Background information
- Born: Maria da Graça Leporace 20 January 1950 (age 76) Ipanema, Rio de Janeiro, Brazil
- Origin: Rio de Janeiro, Brazil
- Genres: Bossa nova; Latin; Latin jazz; jazz; disco; adult contemporary;
- Occupation: Singer;
- Instrument: Vocals
- Spouse: Sérgio Mendes (died 2024)

= Gracinha Leporace =

Brazilian singer (born 1950)

Gracinha Leporace (born Maria da Graça Leporace; 20 January 1950) is a Brazilian singer who worked extensively with her late husband Sérgio Mendes and his band.
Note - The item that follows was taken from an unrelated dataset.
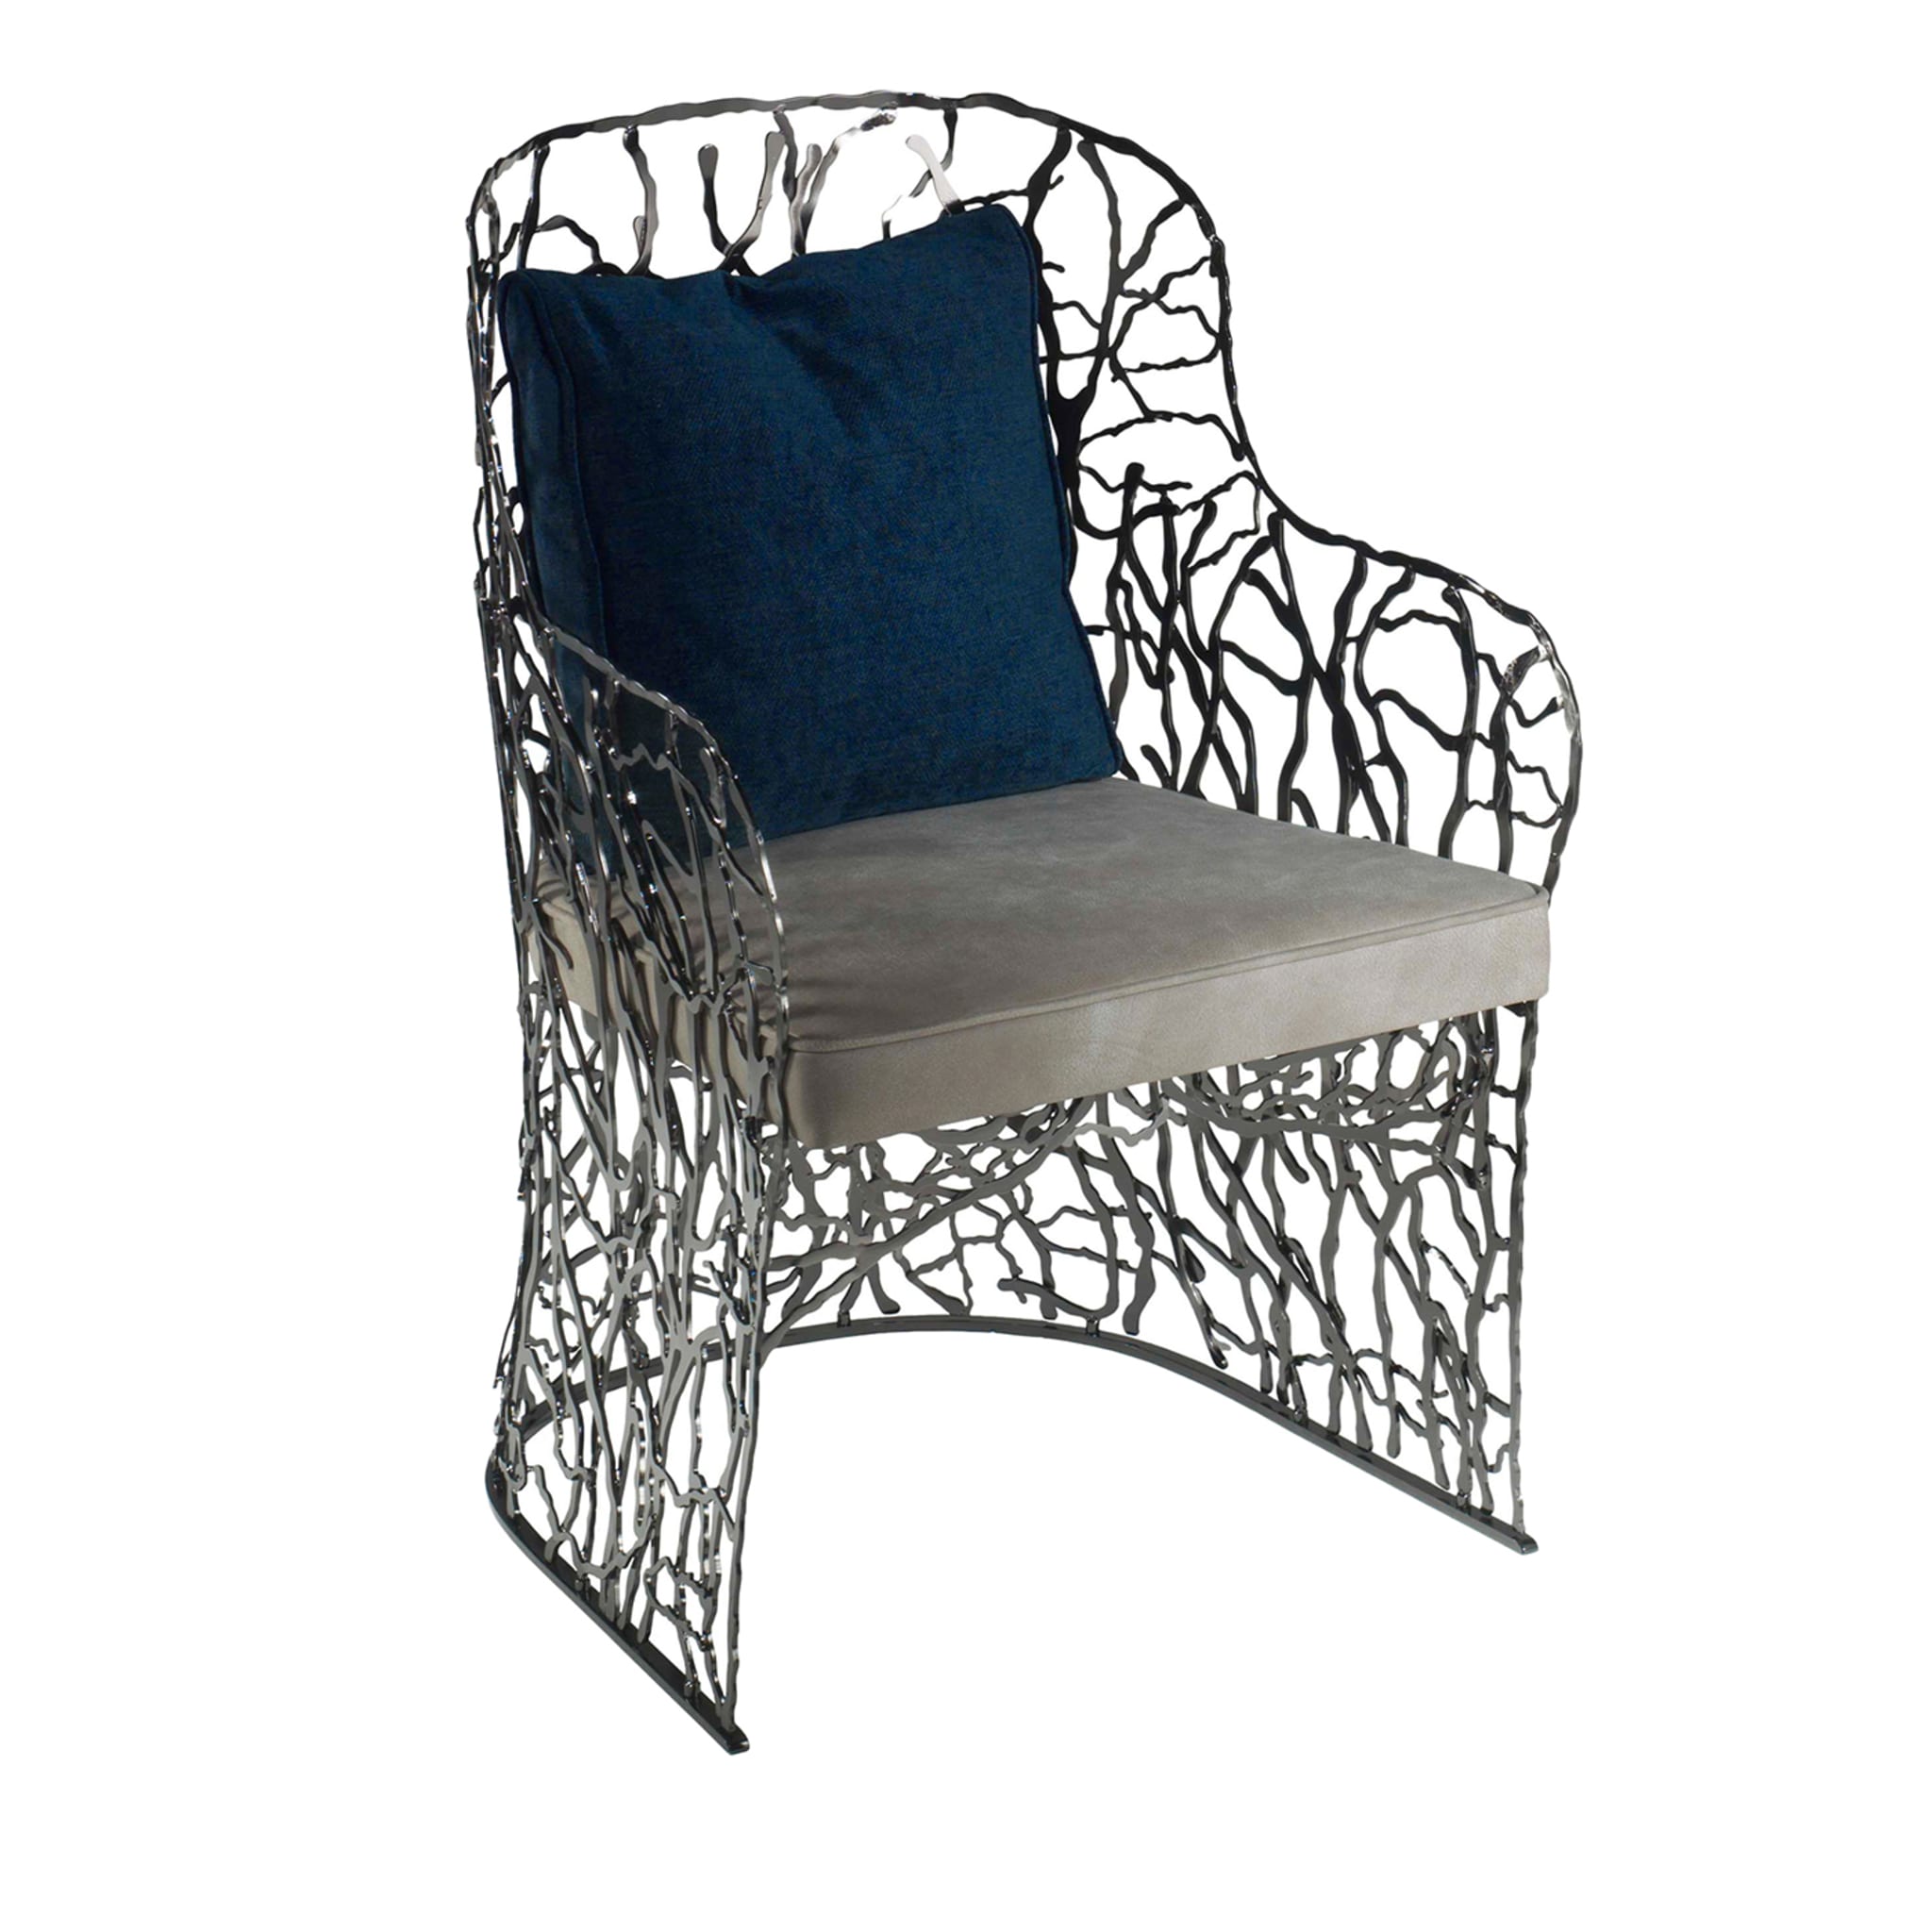 Primavera Steel-Finished Chair  - Main view

Leporace was born in Ipanema, Rio de Janeiro. She has a sister, Marianna Leporace, who is a singer and actress in Brazil.
She founded "Grupo Manifesto" in 1965, Brazilian band active until 1968.

Leporace has featured regularly in much of her husband's group's releases since the 1970s and can be heard as the Portuguese-singing female vocal in the hit "Mas que nada" (featuring the Black Eyed Peas) from the 2006 album Timeless and in the Baden Powell de Aquino composition "Berimbau/Consolação" from the same album, in which she provides the lead vocal. She has been featured on Sergio Mendes's album Magic, released in 2014. She also appears frequently in concert with Mendes's band as a vocalist.

Along with her work with Mendes, she was a member of the Bossa Nova group Bossa Rio in the early 1970s.

Leporace has two sons with Mendes: Gustavo and Tiago. She has lived in Los Angeles, California, for many years.